Someday, it will make a humorous anecdote for the women on the team. Someday is not today.

This is not to refer to the journey to qualify for nationals. That was a carefully orchestrated strategy designed to match elite athletes with their peak performances. That journey, conceived by coach Graeme Badger and executed by the athletes themselves, was a success. The Mountain Lions' presence at nationals is proof of that.

But the physical act of GETTING TO nationals well, that's a whole different story.

It all began on 3:30 a.m. on Wednesday. Wake up, turn on the Weather Channel, and the first thing you hear is, "the severe weather in the Pensacola area should continue throughout the day, with heavy rains and possibly tornadoes."

Not good news.

The team arrived at the Colorado Springs Airport at 7:30 a.m. only to find their flight to Dallas had been cancelled. They caught an 11:30 a.m. flight to Houston instead. With so many flights headed to Houston, the team's plane had to circle so long they ran low on fuel. The plane landed in College Station to refuel and finally got to Houston at 4 p.m.

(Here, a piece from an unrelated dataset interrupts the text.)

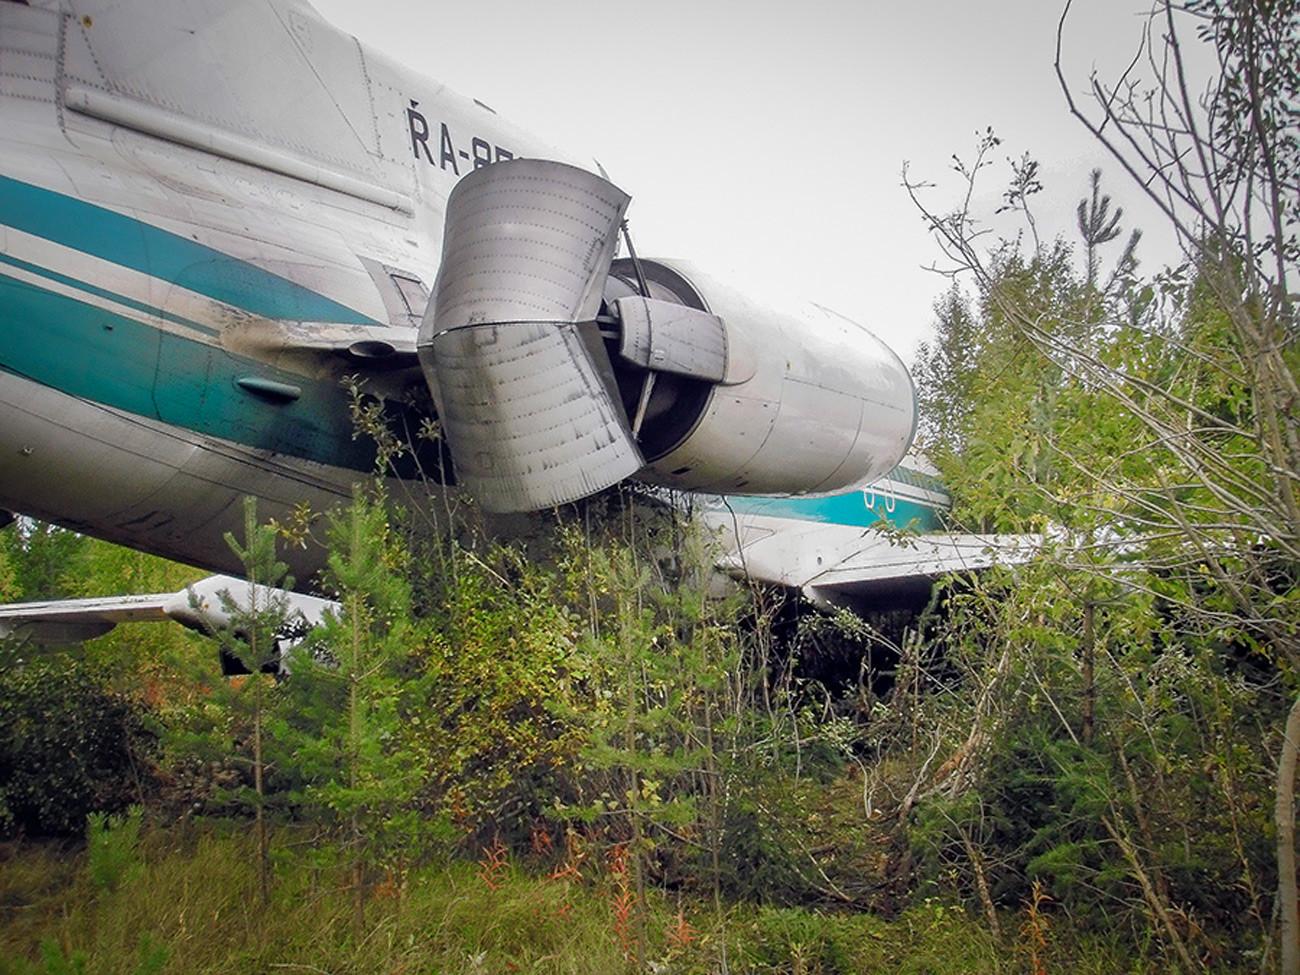 Pesawat meluncur 164 meter membajak tanah.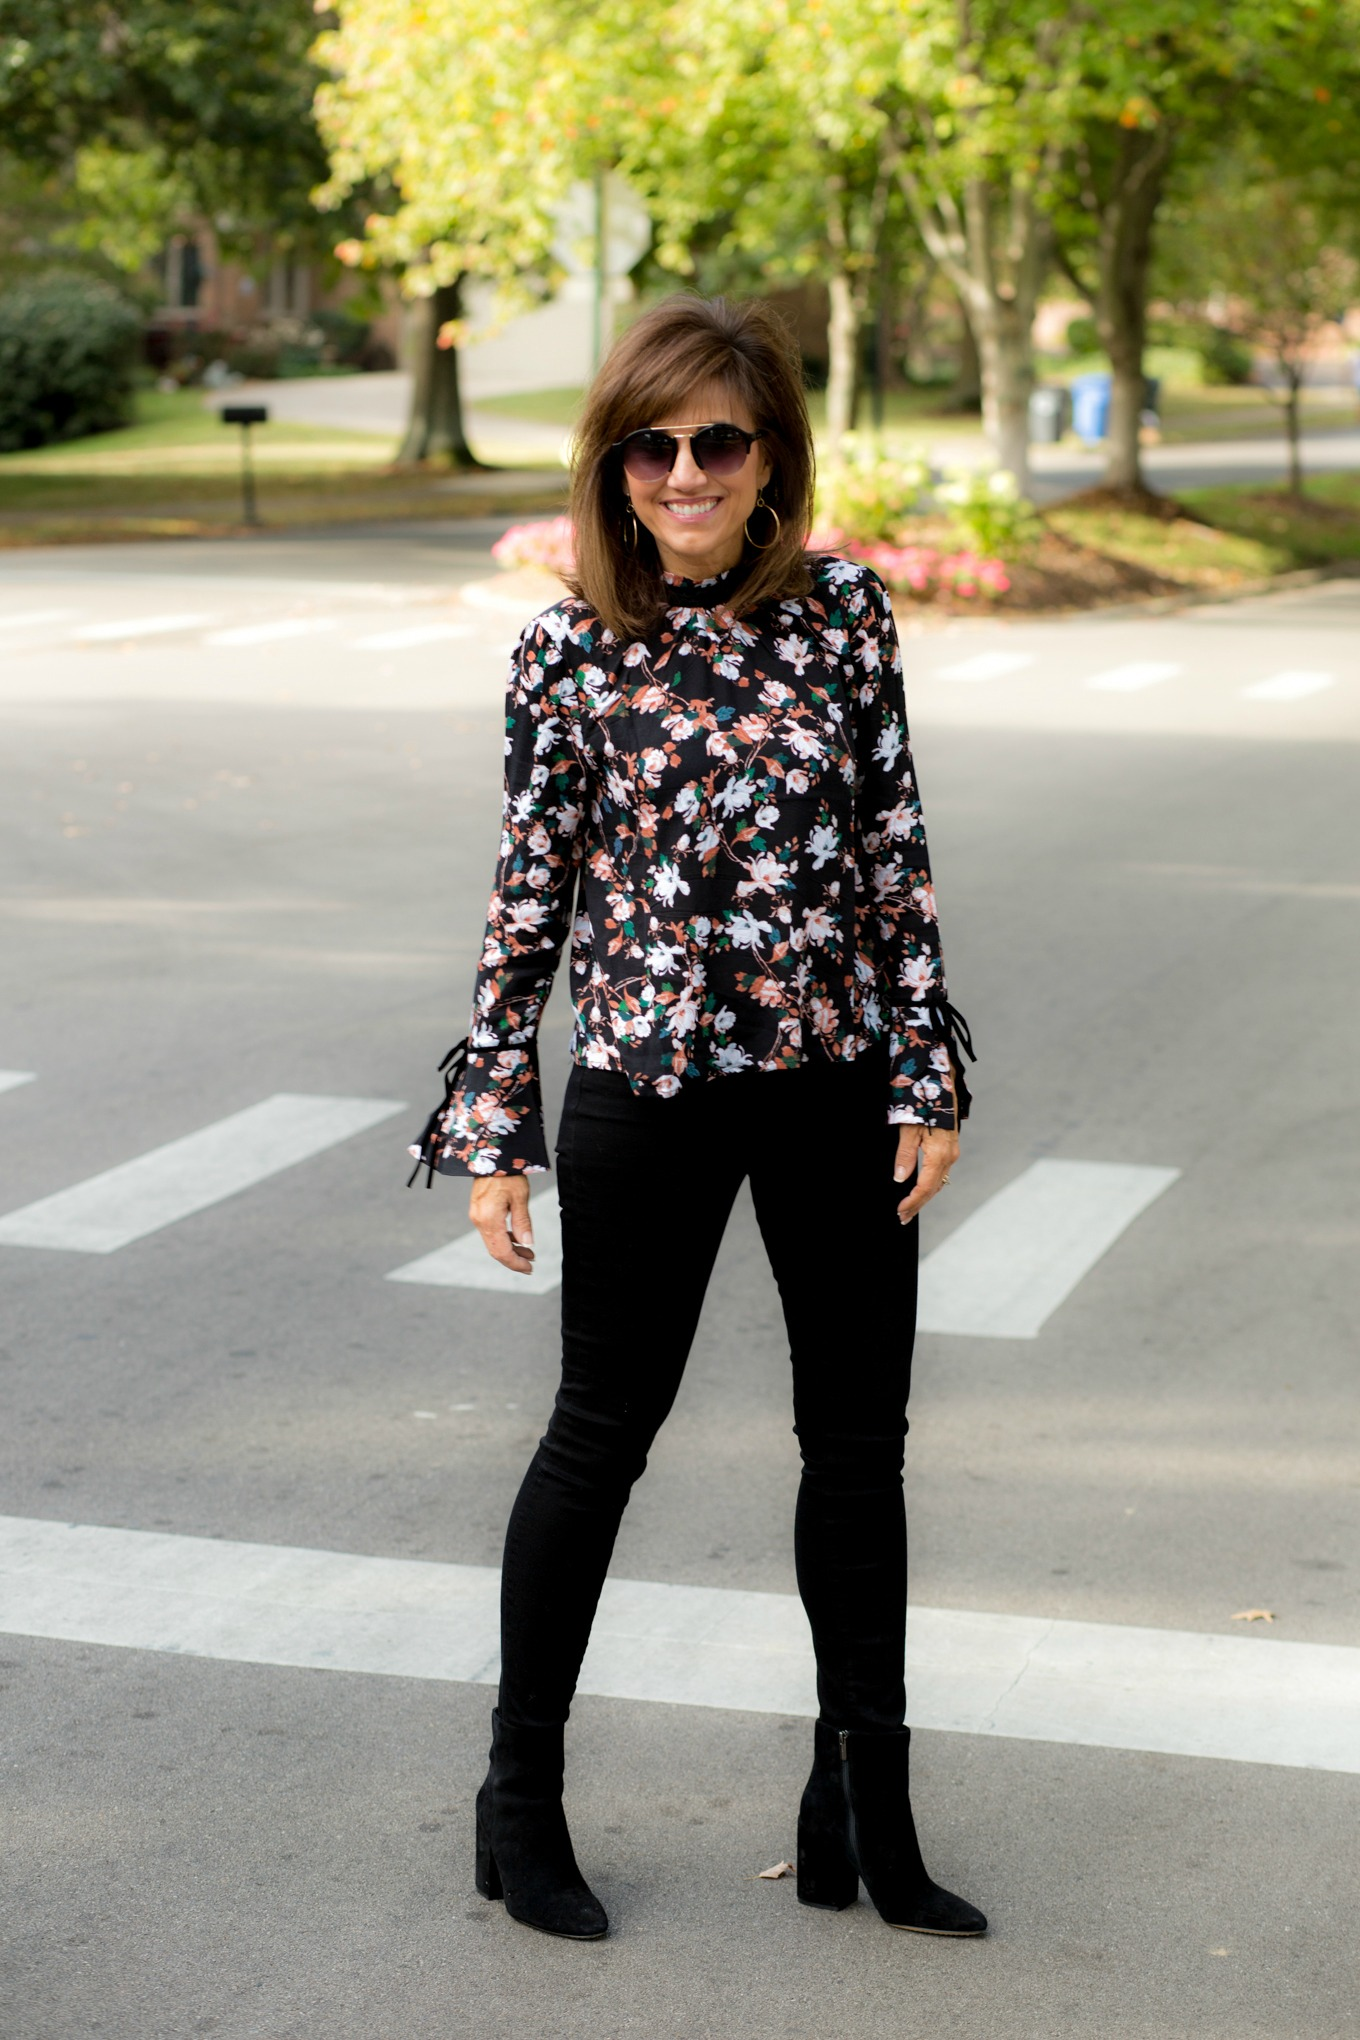 Floral Blouse + Black Jeans

When the Mountain Lions made it to Houston, they encountered more delays. They also discovered that smoking is still allowed in Airports in Texas. Tired and nauseous from secondhand smoke, the team finally got the news at 10:30 p.m. that remaining flights had been cancelled.

Only assistant coach Sandra Badger made it through to Mobile, Ala., the only airport to which the team could be rerouted. Not knowing whether the rest of the team would be able to make it that night, she rented a van and headed for the team's hotel in Pensacola, which was an hour and a half away.

While Sandra Badger drove, head coach Graeme Badger got the news of the flight cancellation. He called hotel after hotel, but no room could be found. Finally, after a tip from an airport employee, he had the first stroke of luck of the day.

Luck, though, is a subjective term. The Scottish Inn in Houston proved that.

"We took Fiesta Taxi (the name of the company) to this seedy-looking motel with a flashing neon light and palm trees," said Shannon Payne. "The innkeeper, who was Indian, not Scottish, told us "you can see the stars through your ceiling."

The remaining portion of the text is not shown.